Plinius: Secure and Persistent Machine Learning Model Training. (arXiv:2104.02987v1 [cs.CR])

With the increasing popularity of cloud based machine learning (ML)
techniques there comes a need for privacy and integrity guarantees for ML data.
In addition, the significant scalability challenges faced by DRAM coupled with
the high access-times of secondary storage represent a huge performance
bottleneck for ML systems. While solutions exist to tackle the security aspect,
performance remains an issue. Persistent memory (PM) is resilient to power loss
(unlike DRAM), provides fast and fine-granular access to memory (unlike disk
storage) and has latency and bandwidth close to DRAM (in the order of ns and
GB/s, respectively).

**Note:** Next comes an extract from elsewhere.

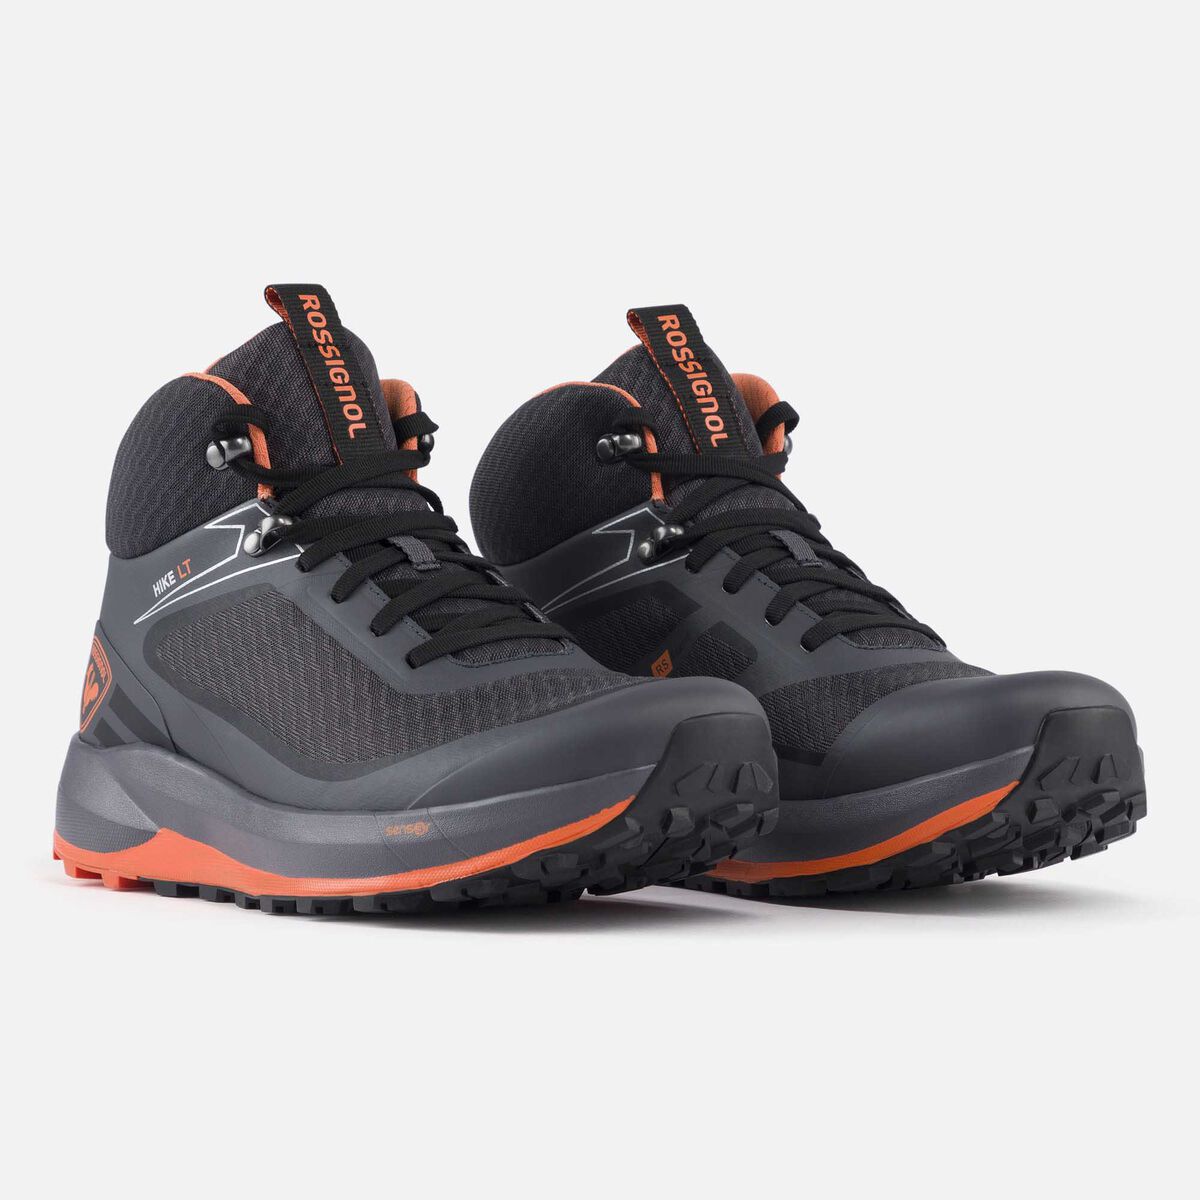 Men's dark grey lightweight hiking shoes

We present PLINIUS, a ML framework using Intel SGX
enclaves for secure training of ML models and PM for fault tolerance
guarantees. P LINIUS uses a novel mirroring mechanism to create and maintain
(i) encrypted mirror copies of ML models on PM, and (ii) encrypted training
data in byte-addressable PM, for near-instantaneous data recovery after a
system failure. Compared to disk-based checkpointing systems,PLINIUS is 3.2x
and 3.7x faster respectively for saving and restoring models on real PM
hardware, achieving robust and secure ML model training in SGX enclaves.